Car on ne peut plus, aujourd’hui, représenter le sexe sans conscience politique. On ne peut plus filmer des femmes enfermées, dominées, surveillées, sans interroger les implications de ce choix. Ce n’est pas seulement une question de morale, mais une question de cinéma. De regard. De place du spectateur. Et ici, le spectateur est enfermé dans une position de voyeur. On ne le met pas à distance. On ne le force jamais à réfléchir à ce qu’il voit. On l’immerge, oui, mais sans lui donner d’issue. On ne l’éduque pas, on le plonge. Or, plonger sans guide, c’est noyer. Il y a bien quelques fulgurances — une scène d’animaux en rut, un fondu enchaîné sur des éoliennes rouges comme des alarmes, des éclats de lumière sur les murs humides — mais elles sont rares, et trop isolées. Le reste du temps, la mise en scène tourne à vide. La musique, omniprésente, agit comme un cache-misère. Elle remplace les silences, les non-dits, les tensions. Le montage évite les confrontations. Les dialogues sont creux. Et à mesure que le film avance, on comprend qu’il n’a rien à dire. Qu’il se contente de nous promener dans un univers visuel trop stylisé pour être crédible, trop creux pour être dérangeant. Et c’est peut-être cela, la plus grande déception : ce que le film aurait pu être. Il aurait pu être un portrait incandescent de la violence des marges, un cri féministe venu d’un motel délabré, un poème triste sur le sexe sans amour. Il aurait pu se situer dans la lignée du grand cinéma social latino-américain, celui qui filme les périphéries non pas comme des décors exotiques mais comme des territoires de lutte. Il aurait pu nous heurter, nous remuer, nous troubler. Mais il ne fait que séduire. Et ce n’est pas ce qu’on attend d’un film comme celui-là.
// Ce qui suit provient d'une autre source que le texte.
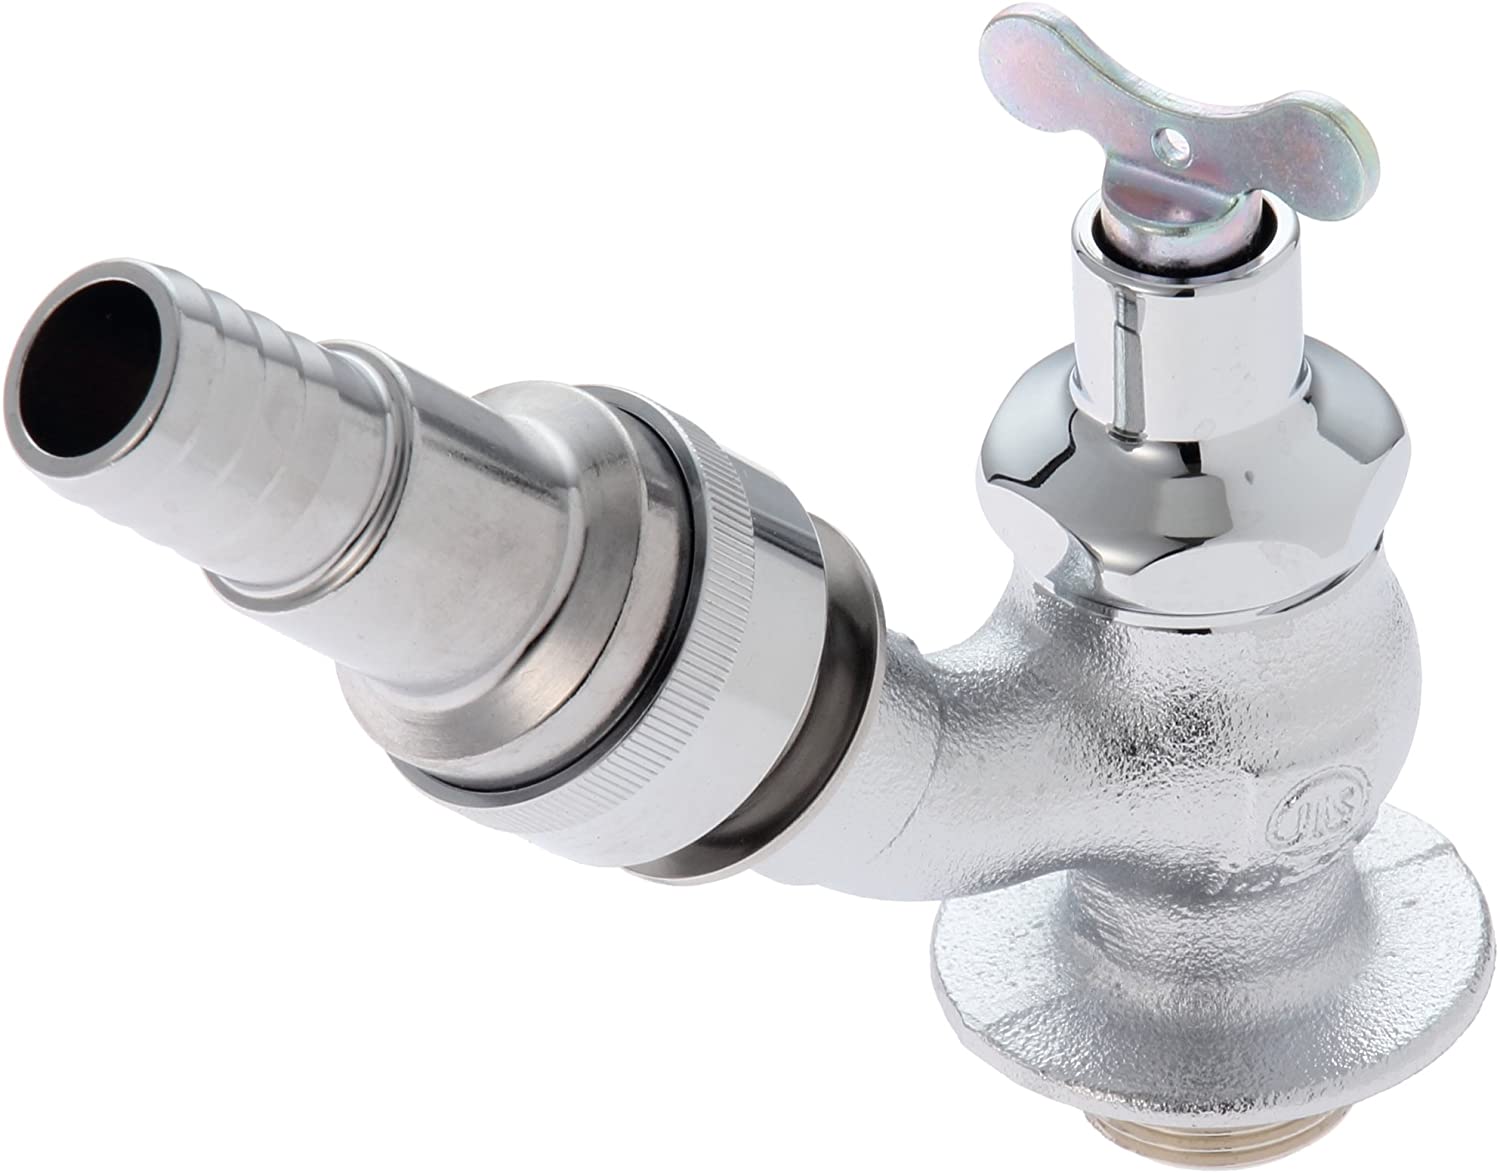 bathbath 鍵付き 蛇口 ガーデニング キー付き 水栓 水道栓 水道 共用 万能 いたずら 防止 対策 盗水 安全 通販 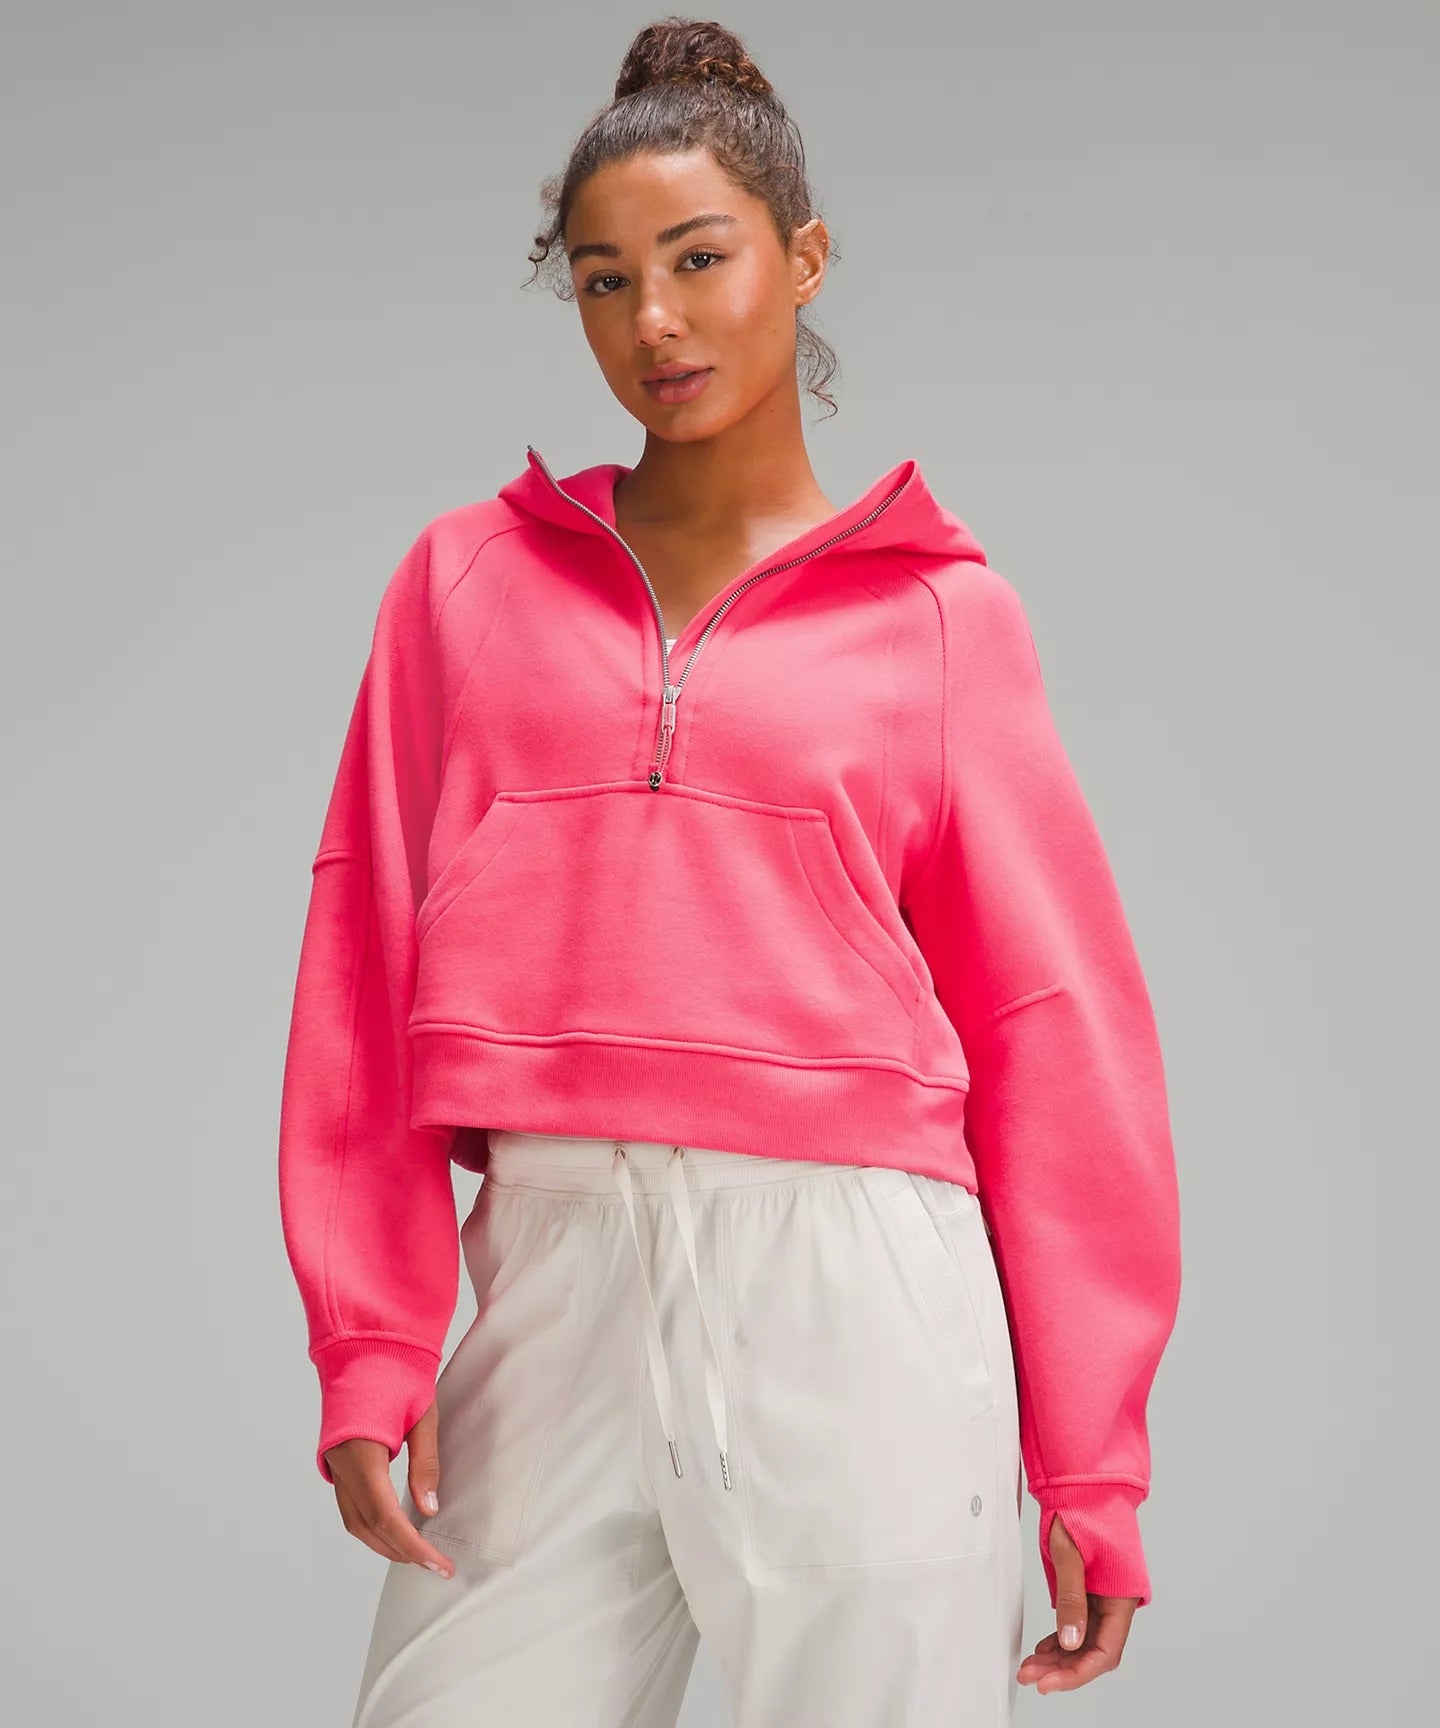 Model wearing a cropped pink hoodie

Alors on sort de là, vidé, fatigué, englué dans une atmosphère moite, mais sans rien qui reste. Aucune pensée. Aucun frisson. Juste une suite de corps filmés comme des images, sans âme, sans politique, sans mémoire. Une succession de désirs simulés, d’enfermements esthétisés. Un film qui prétend brûler, mais qui, à force d’être trop lisse, ne fait même plus de fumée.